- EXERCISE REQUIREMENTS: Copy the records below exactly, starting at the line that contains "Distribución interior del" and ending at the line that contains "Thiết kế kiến"; leave out any pictures.

- INFORMATION SUPPLIED:
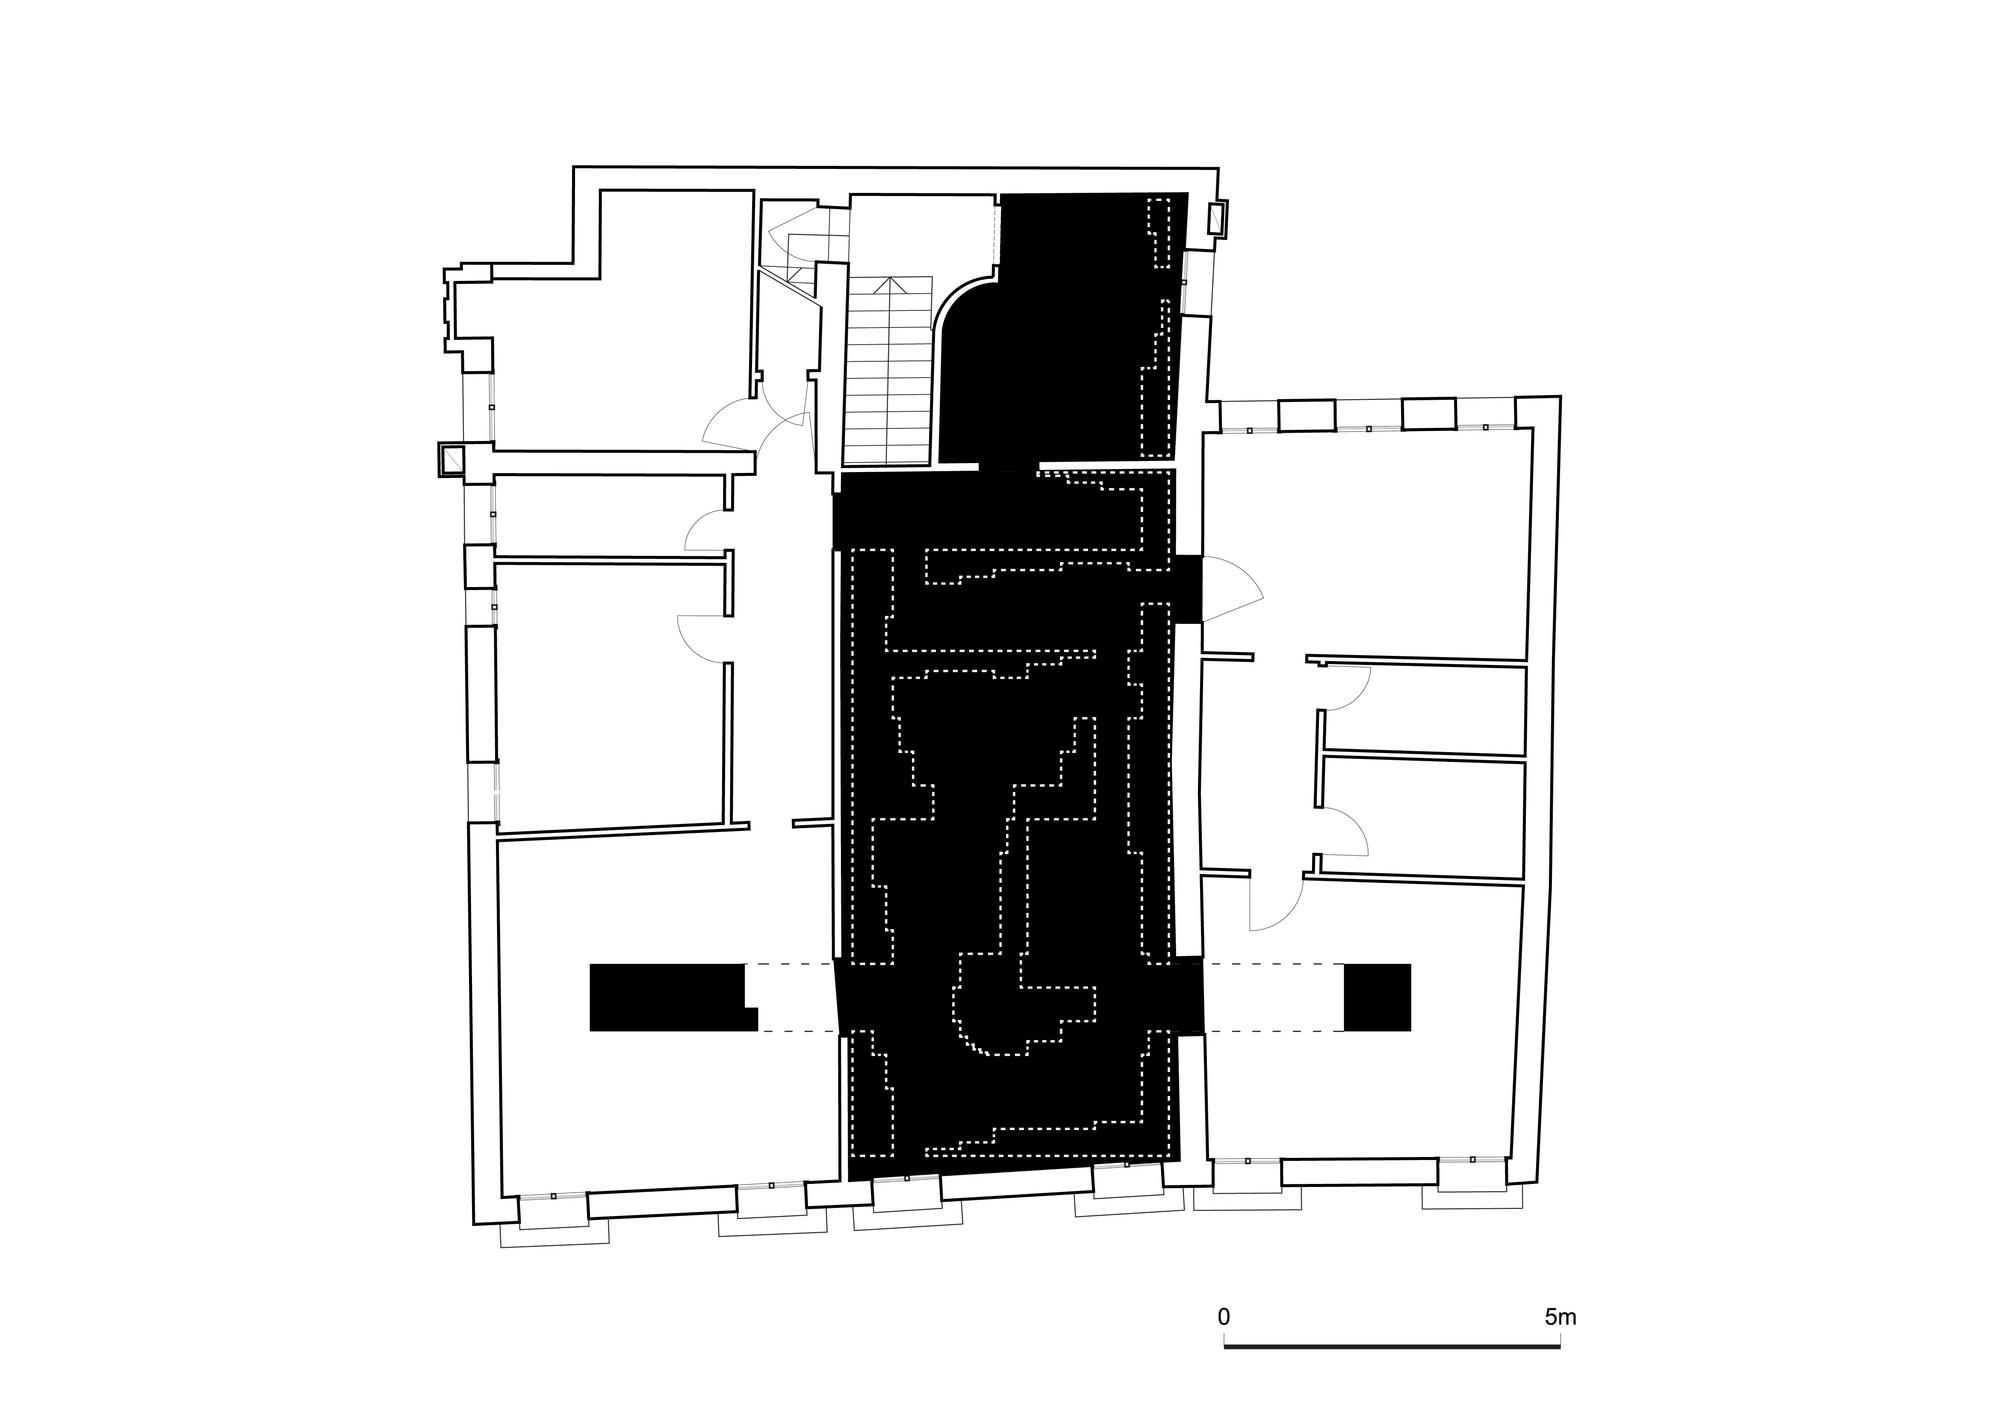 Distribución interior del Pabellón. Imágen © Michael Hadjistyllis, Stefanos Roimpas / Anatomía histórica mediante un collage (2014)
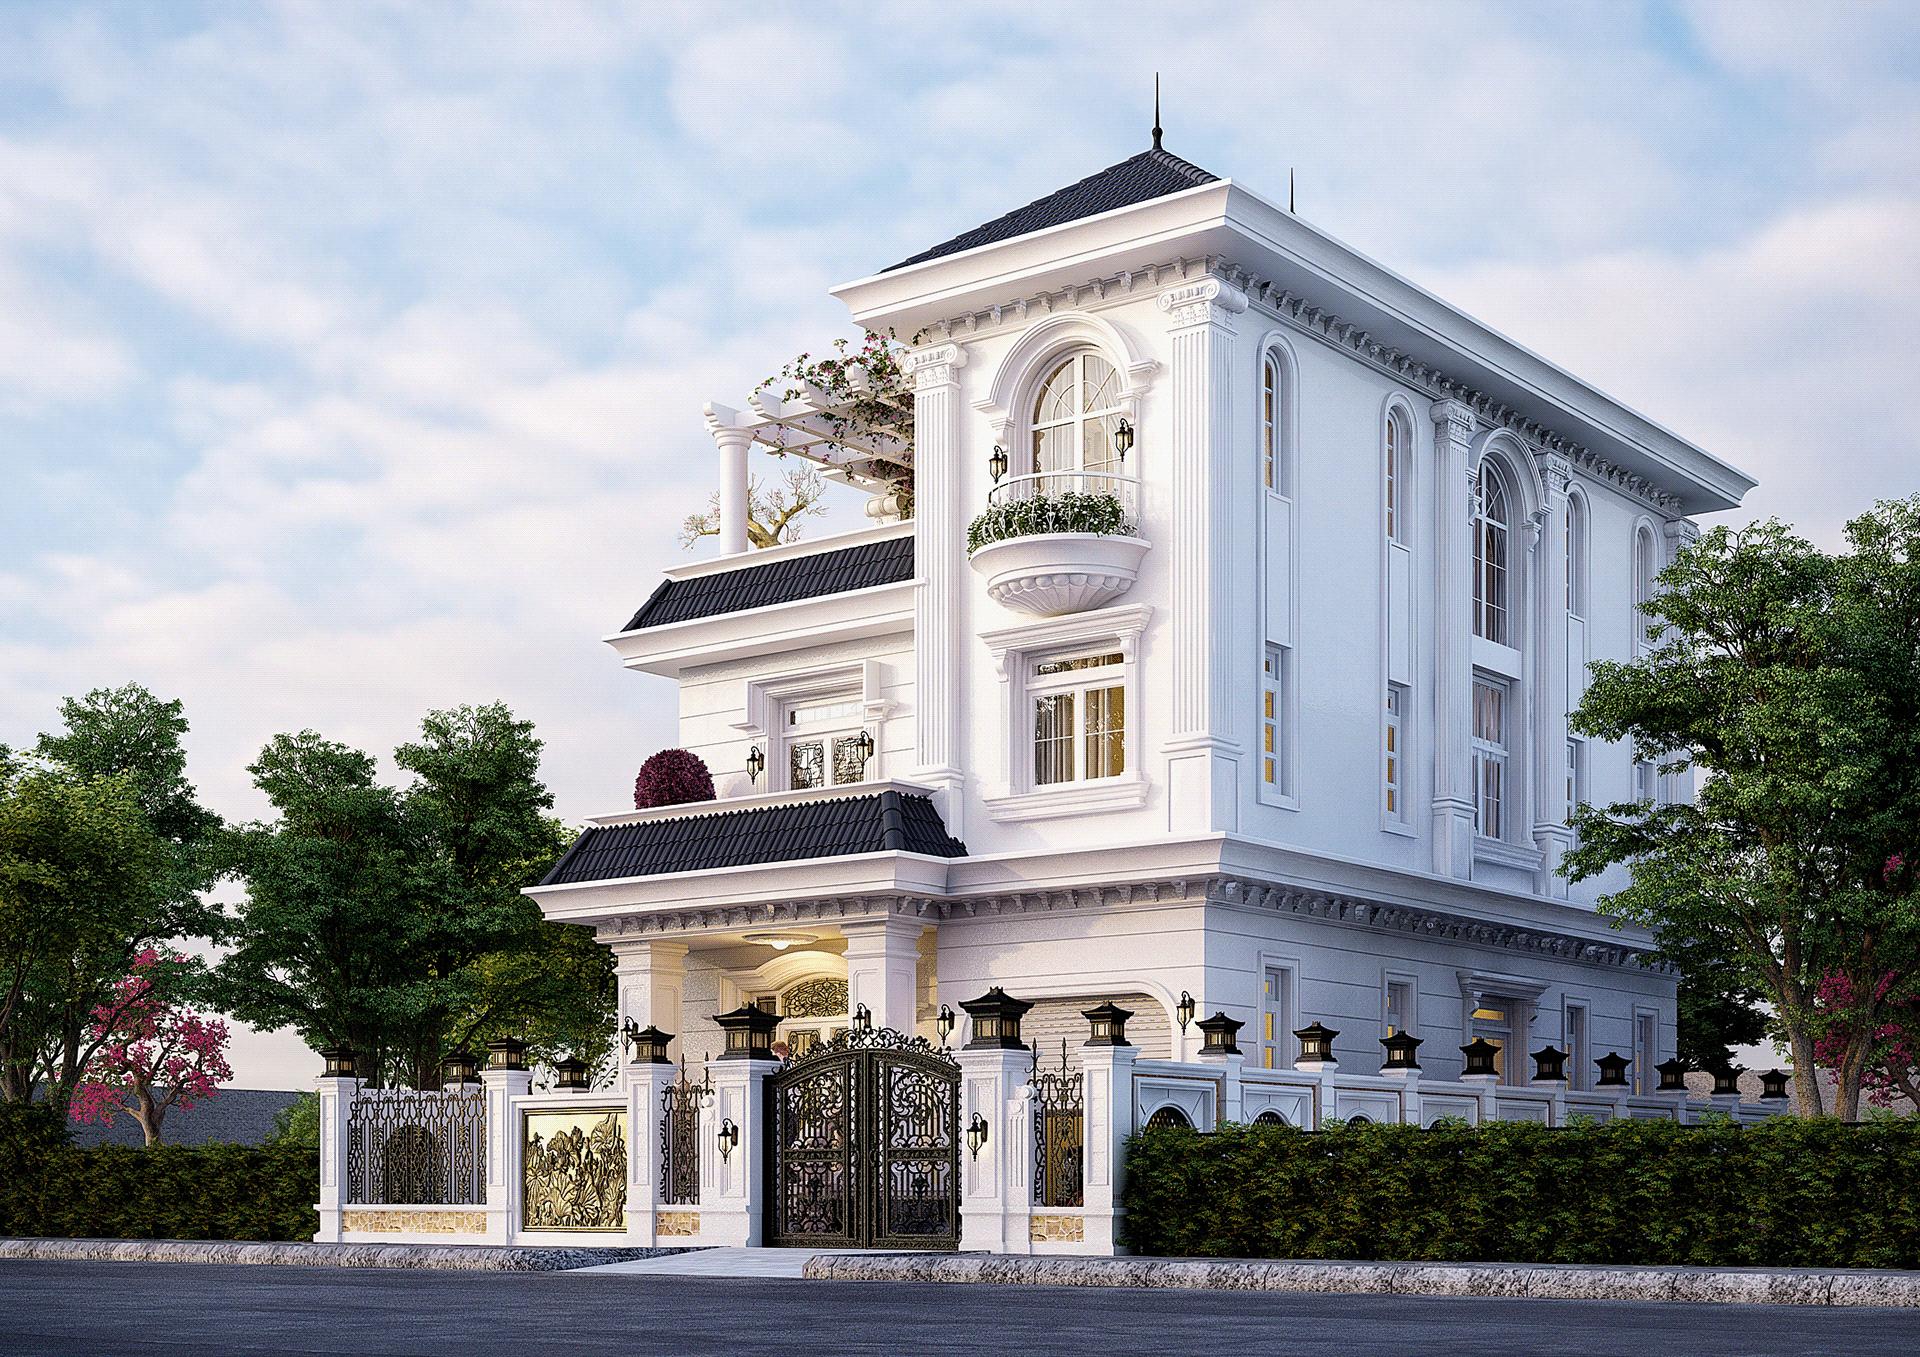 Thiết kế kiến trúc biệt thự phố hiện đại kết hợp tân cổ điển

...

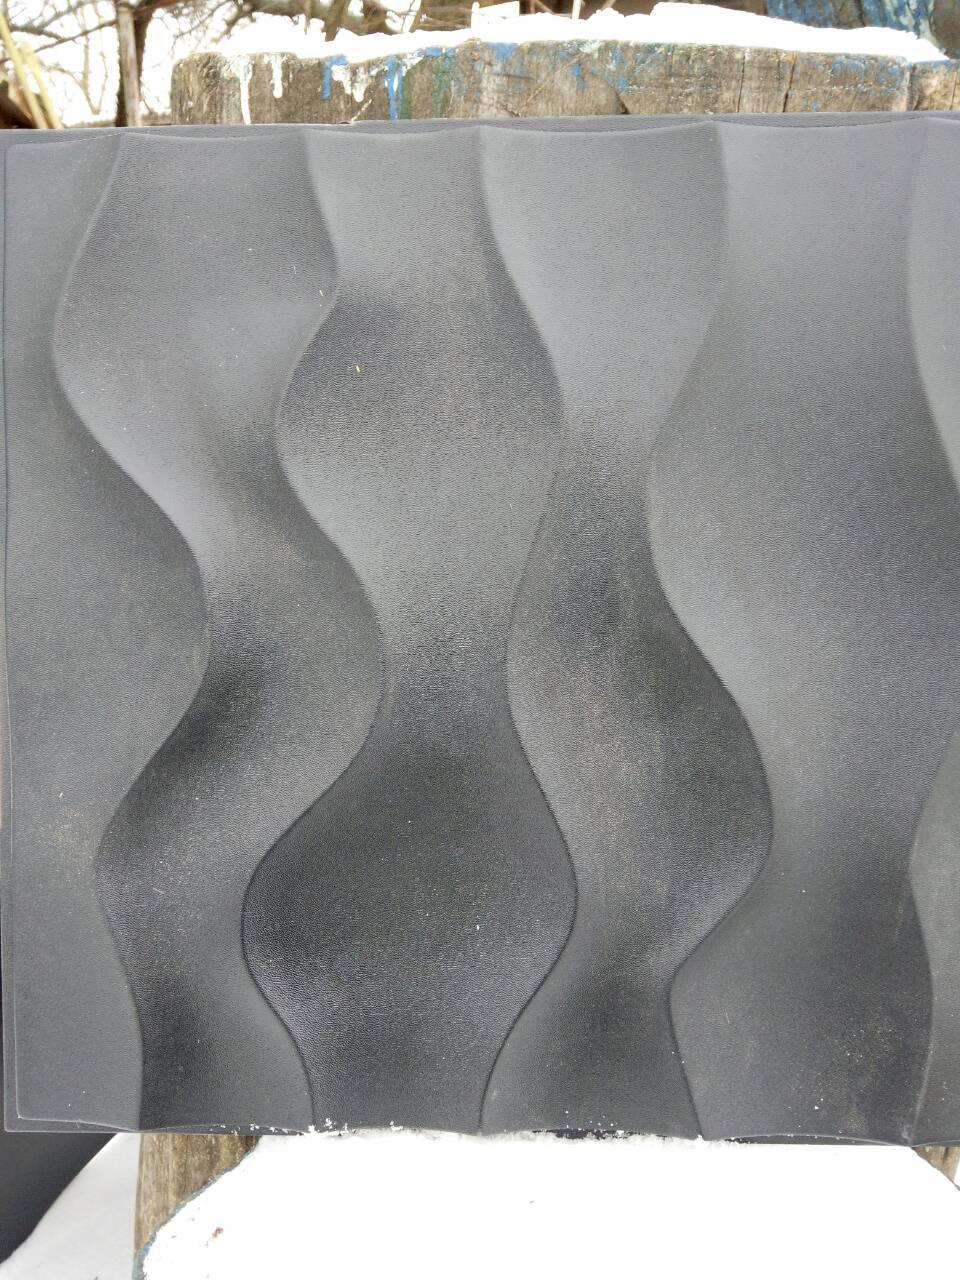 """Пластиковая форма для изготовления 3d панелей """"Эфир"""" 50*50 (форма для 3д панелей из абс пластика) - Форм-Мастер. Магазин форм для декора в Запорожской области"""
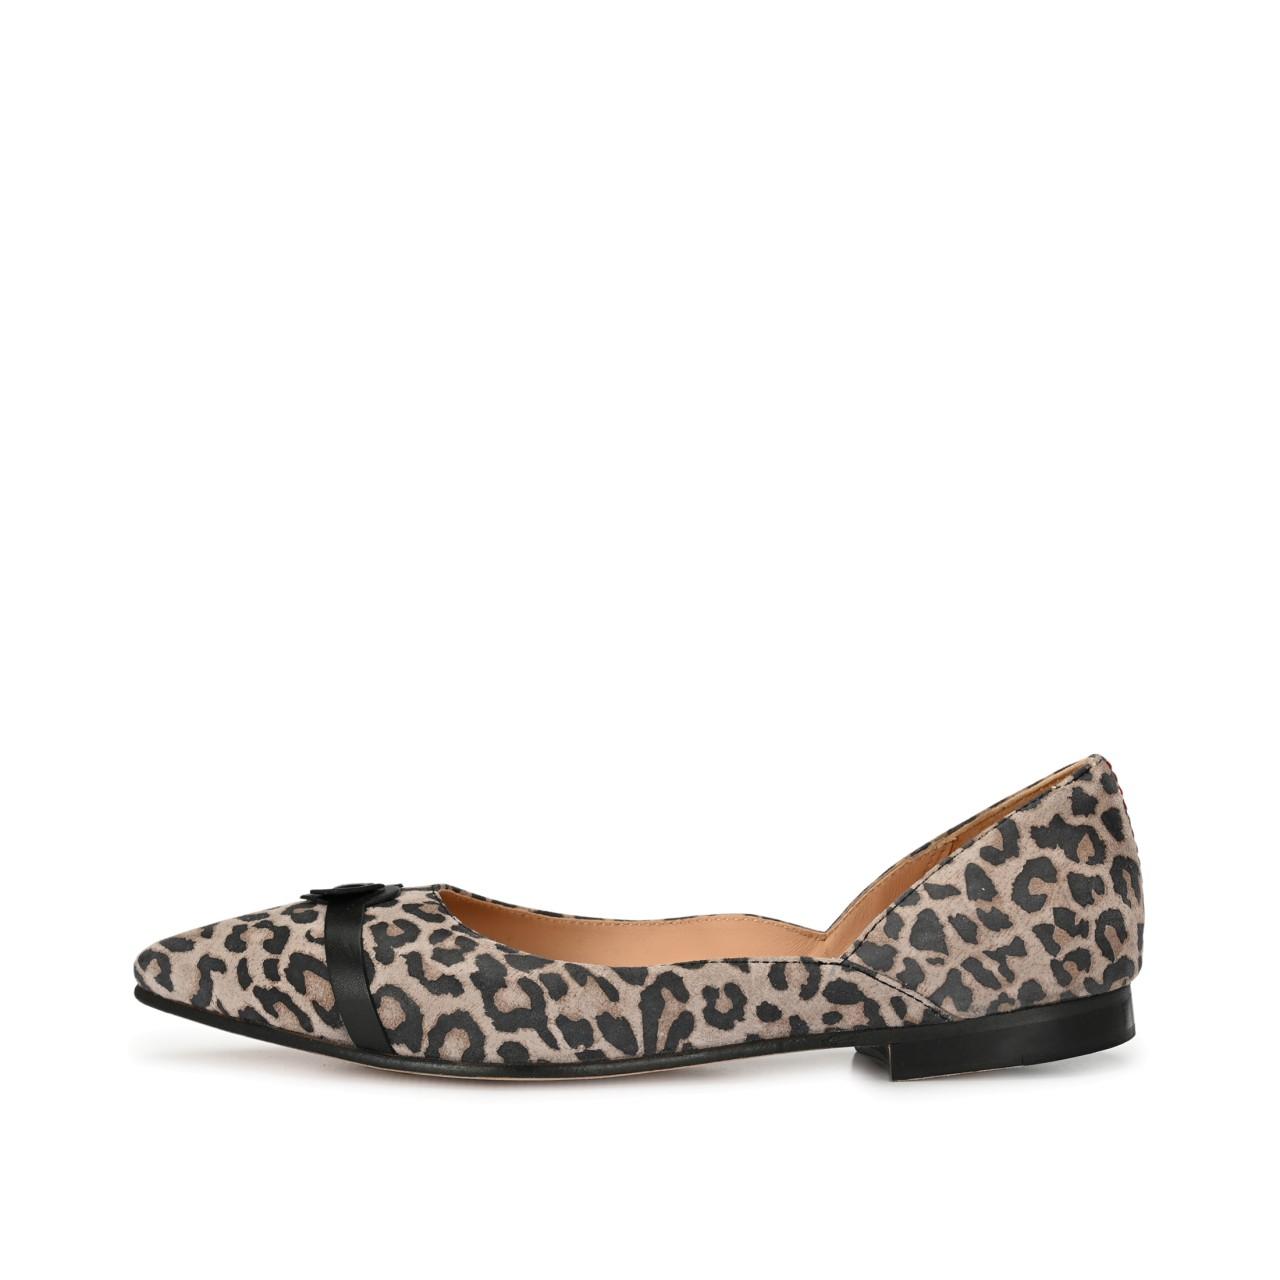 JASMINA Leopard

- SOLUTION FOR THIS TASK:
 Distribución interior del Pabellón. Imágen © Michael Hadjistyllis, Stefanos Roimpas / Anatomía histórica mediante un collage (2014)
 Thiết kế kiến trúc biệt thự phố hiện đại kết hợp tân cổ điển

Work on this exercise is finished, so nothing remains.